For Qadira (Salma Hoque) her motives are wrapped tightly around losing her mother to cancer and her father Kash to his MP ambitions and new girlfriend Natalie (Clare Calbraith). She tries to explain her dislocation from Britain: “The next young Muslim you treat like shit is the next young Muslim on a plane over there.”
Touch & Go at William Benington Gallery
MOST people look towards sleep as a time to switch off from the stresses of daily life, but artist Will Mackrell sees it as prime time to create work. His solo show Touch & Go at William Benington Gallery in Angel opens on February 26 with pieces made as he slept.
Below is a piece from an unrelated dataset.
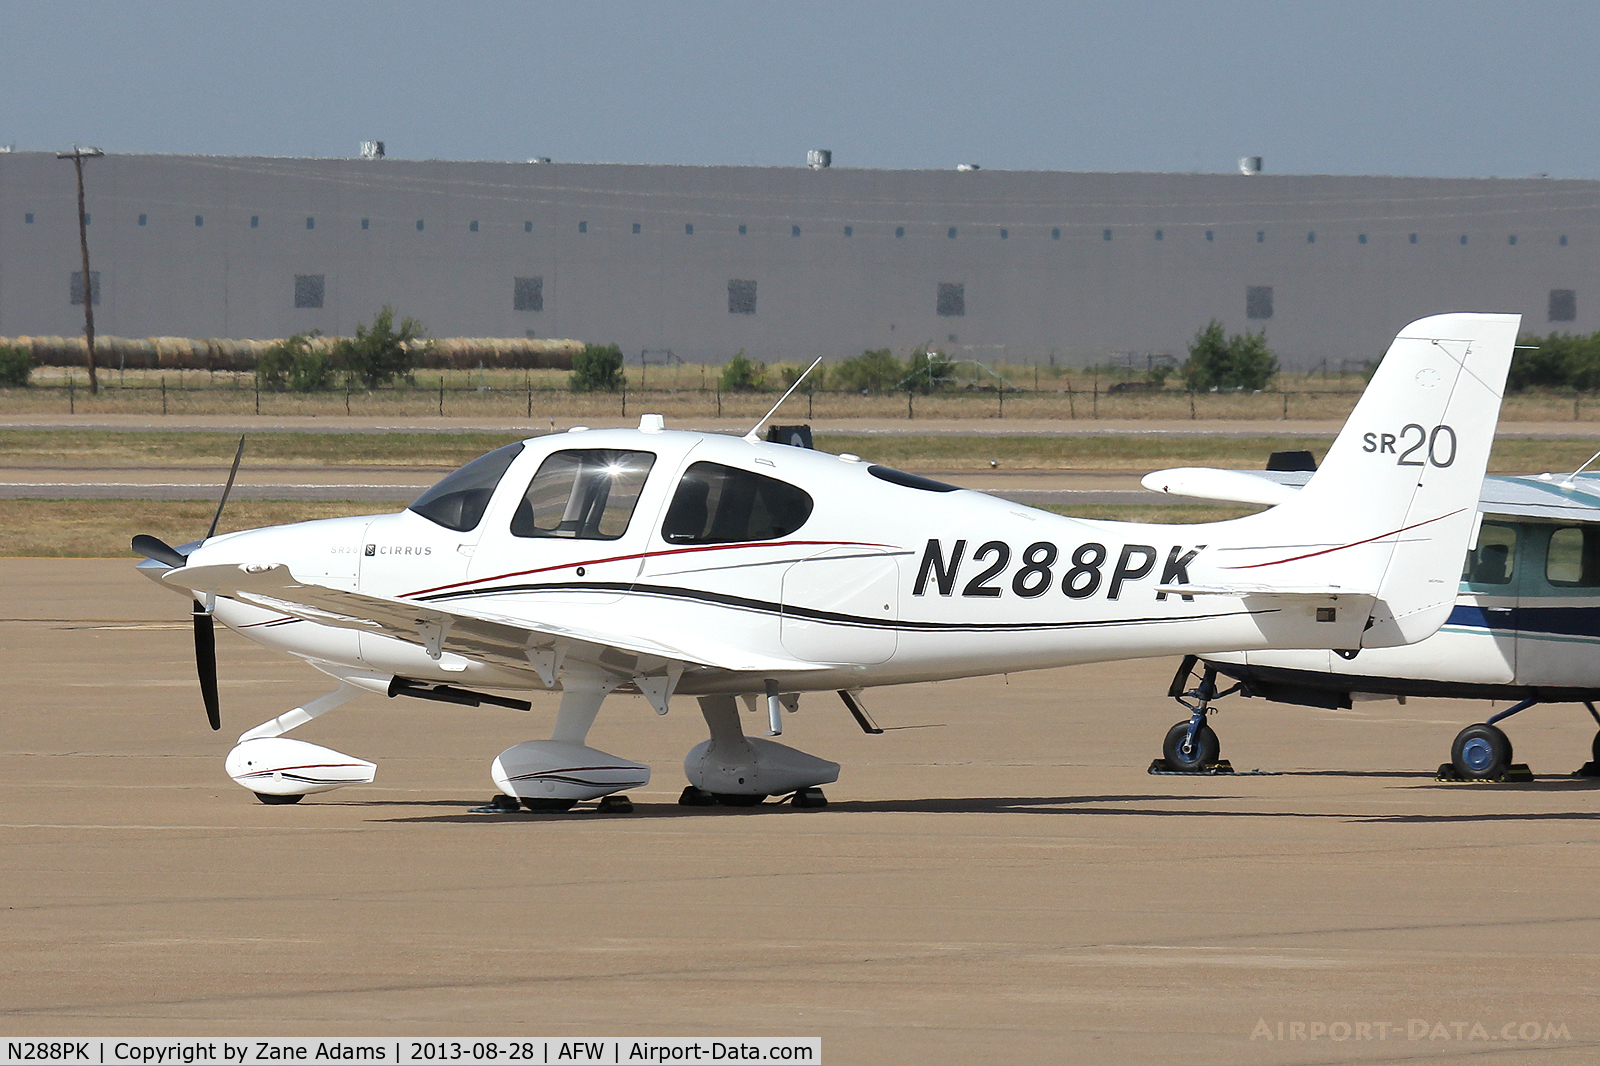 N288PK, Cirrus SR20 C/N 2089, At Alliance Airport - Ft. Worth, TX
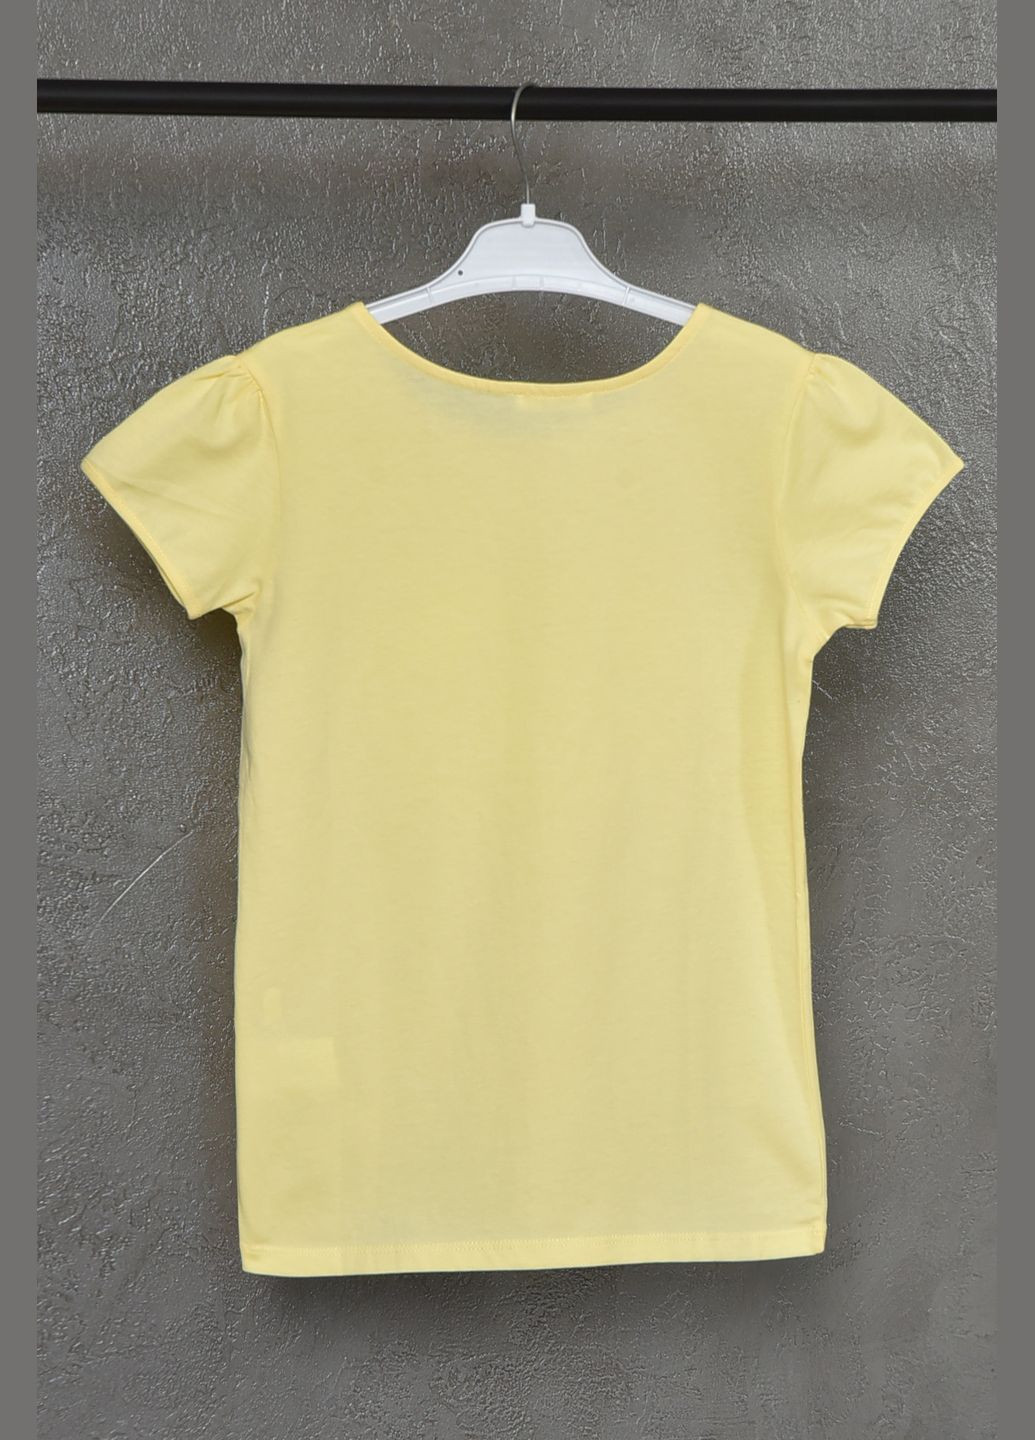 Желтая летняя футболка детская для девочки желтого цвета Let's Shop

Will Mackrell’s Sleep, 2013
Will placed carbon paper sheets under his bed sheets to create two works Sleep -negative- and Sleep -positive-, his every movement that night was captured, resulting in two inky self-portraits.
The Casque at James Freeman gallery
Romantic ideals, red telephone boxes and bondage masks combine in The Casque, latest exhibition at James Freeman gallery, Upper Street. Claire Partington’s triptych ‘The More We Are Together’ takes Van Eyck's Arnolfini portrait and rebuilds the scenario but the delicate ceramic craftwork almost cloaks the joke at play. The instantly recognizable figures include merchant Giovanni di Nicolao Arnolfini, matter-of-factly holding out hotel keys to two socialites replete with small yappy dogs at their heels.
Her exquisite earthenware figures display an unusual level of detail; painted braiding, transfers of intricate patterns, even tendons are visible on the figure’s hands.